A The refined predicted orientation of the GPRC5B-EP2 complex (GPRC5B in green, EP2 in cyan). B Three sets of residues within GPRC5B considered for site-directed mutagenesis. C Exemplary photomicrographs showing cellular distribution of FLAG/Myc-tagged wild type GRC5B (G5B-wt, top) and GPRC5B carrying 7 alanine mutations (G5B-mut7, bottom) in permeabilized HEK cells (WGA as membrane staining). D Western blot detection of HA and FLAG signals in lysates of HEK cells expressing HA-tagged EP2 in combination with empty vector (EV), FLAG-tagged human G5B-wt or G5B-mut7: “input” shows lysates before, “pulldown HA” after immunoprecipitation with anti-HA beads. E, Butaprost-induced cAMP production in HEK cells transfected with cAMP GloSensor plasmid, HA-EP2, and wild type or mutant GPRC5B as indicated (n = 4). F Western blot detection of HA and FLAG signals in lysates of HEK cells expressing HA-tagged EP2 in combination with empty vector (EV) or FLAG-tagged human wild type or mutant GPRC5B as indicated. G, Butaprost-induced cAMP production in HEK cells transfected with cAMP GloSensor plasmid, HA-EP2, and wild type or mutant GPRC5B as indicated (n = 10). H, I HEK cells were transfected with HA-EP2 and wild type or mutant GPRC5B as indicated and subjected to plasma membrane staining with WGA, followed by permeabilization and staining with anti-HA antibodies: exemplary photomicrographs (H) and statistical evaluation of the HA-EP2 signal within WGA (I) (n = 36/26/31/37/35/30 cells). Data are means ± SEM; comparisons with empty vector-transfected samples (E) or G5B-wt-transfected samples (G, I) were performed using Kruskal-Wallis test with Dunn’s correction for multiple testing. EV, empty vector; n, number of independent experiments; *P < 0.05; **P < 0.01; ***P < 0.001; ****P < 0.0001. Source data are provided as a Source Data file.

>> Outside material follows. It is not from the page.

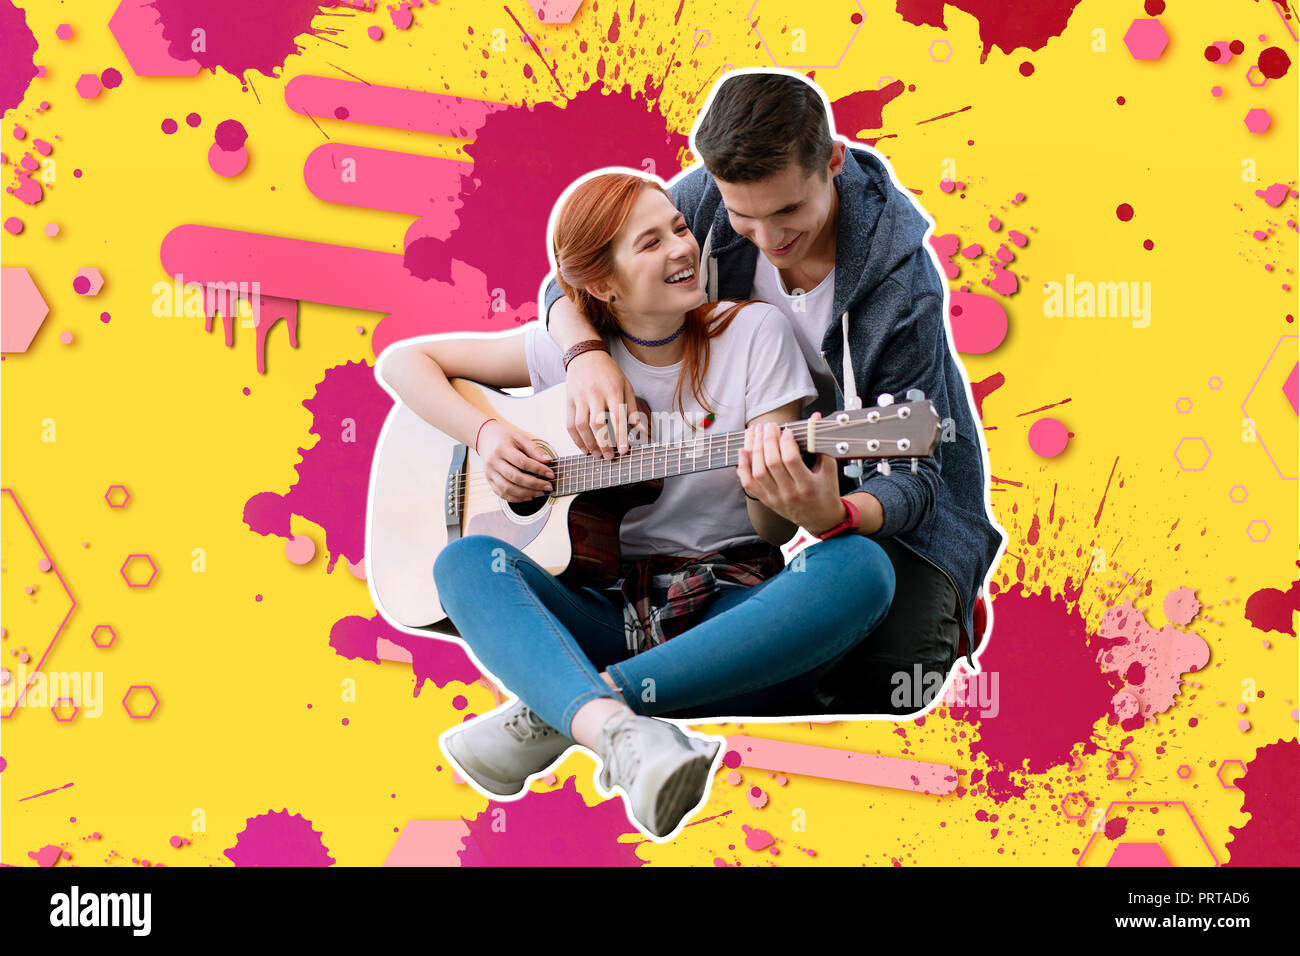 Happy red haired girl playing the guitar with her boyfriend and smiling Stock Photo

Fig. 7. Blocking GPRC5B-mediated facilitation of EP2 signaling using a decoy peptide.

A Effect of target and control peptides (0.1 or 1 µM each) on butaprost-induced cAMP production in HEK cells transfected with cAMP GloSensor plasmid, HA-EP2, empty vector (EV) or GPRC5B-FLAG/Myc as indicated (n = 6). B, C Effect of target and control peptides (10 µM) on co-immunoprecipitation of GPRC5B-FLAG/Myc with HA-EP2 in HEK cells: exemplary blots (B) and densitometric analysis of signal strength for co-precipitated GPRC5B-FLAG (FLAG(coIP)) relative to immunoprecipitated HA-EP2 (HA(IP)) (n = 3). D, E Peptide effect (0.1 or 1 µM each) on butaprost-induced cAMP production was determined in M0 BMDM (D) and RPM (E) (n = 6). F–H, Peptide effect (1 µM each) on phagocytosis of pHrodo E. coli bioparticles in M0 BMDM: Exemplary traces from control (F) and KO (G) mice; H: statistical evaluation of AUC (n = 9). Note that basal difference between control and KO is less pronounced in the presence of vehicle. Preincubation with peptides was 1 h in all cases. Data are means ± SEM; differences between peptide-treated and untreated groups were analyzed using Kruskal-Wallis test with Dunn’s multiple comparisons test (A, D, E, H) or one-way ANOVA with Dunnett’s correction for multiple testing (C). n, number of independent experiments); *P < 0.05; **P < 0.01; ***P < 0.001. Source data are provided as a Source Data file.